5. Monte Carlo Methods: Estimating the Likelihood of Outcomes
In the context of project management, Monte Carlo methods are algorithms that use random sampling to estimate the likelihood of completing a project within a certain timeframe or budget based on the complexity and effort of the tasks involved.
These methods are widely used across various fields such as finance, engineering, and physics. In project management, they offer a more reliable and data-driven approach to decision making by simulating different scenarios and analyzing the impact of uncertainty and variability on cost, time, and other project factors.
Imagine that you could simulate the progress of your project based on some historical data. At the end of your simulation you could have some histogram as the one below, so you can answer the question “When is this project going to end?” with some range of dates and a probability percentage.
This gives a more accurate picture of potential outcomes and helps evaluate risks and uncertainties early on, enabling informed decisions on resource allocation and risk management. However, it’s crucial to have accurate data inputs, and discipline in tracking task progress and updating the board, as inaccurate data may lead to unreliable results. Monte Carlo simulations can also be computationally intensive and may require specialized software or expertise to execute effectively.

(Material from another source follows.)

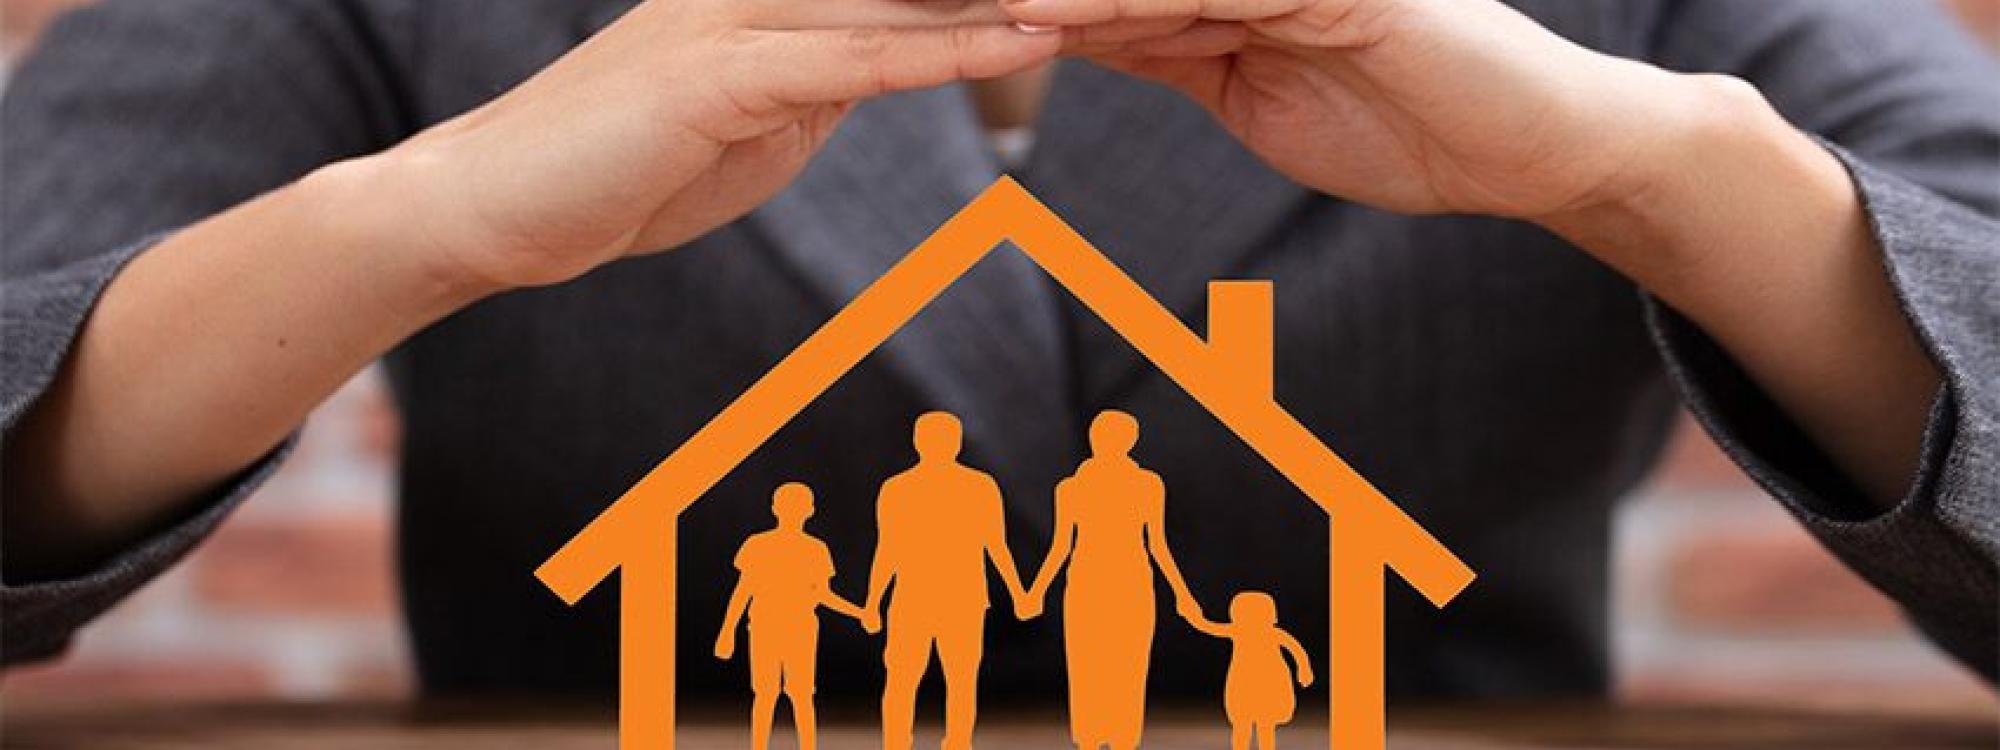 Bezpečnost v rodinném domě: Jak chránit svůj domov a rodinu

This article provides a helpful summary of how to use the tools developed by Troy Magenis (in an Excel spreadsheet) to create your own forecasts with Monte Carlo simulations. I have personally used them and can confirm their effectiveness. With accurate data, creating these forecasts requires minimal effort and the results are impressive. However, it’s important to note that your expectations may be quite different from the realistic predictions generated, which can be surprising at first. You can also find more resources in Troy’s repository.
Finding the Right Approach for Your Team and Project
When it comes to estimation in Agile software development, there is no one-size-fits-all approach that will work for every team and every project. Different methods and techniques will be more or less suitable depending on the specific needs and goals of the team, as well as the complexity and uncertainty of the work being done.
To find the right approach for your team and project, it is important to consider a number of factors, including:
- The level of accuracy required: Some methods may be more accurate than others, but they may also be more time consuming and complex, or require historical data. On the other hand, other methods may be quicker and simpler, but they may be less accurate.
- The level of complexity and uncertainty: More traditional methods for estimation may be more suitable for tasks that are well-defined and relatively clear, while other methods may be more suitable for tasks that are complex, novel, or uncertain.
- The team’s experience and skills: For some methods, you may require specialized knowledge or skills that not all teams have, but you can choose other methods that may be easier for them to use, even if they have limited experience or expertise.
- The team’s culture and preferences: Different teams will have different preferences and comfort levels when it comes to estimation methods. It is important to consider the team’s culture and preferences when choosing an approach, as it may be more effective to use a method that the team is familiar with and comfortable using.
Finally, the best approach for your team and project will depend on a combination of these and other factors. By considering the needs and goals of the team, as well as the complexity and uncertainty of the work being done, you can choose the method that is most suitable for your needs.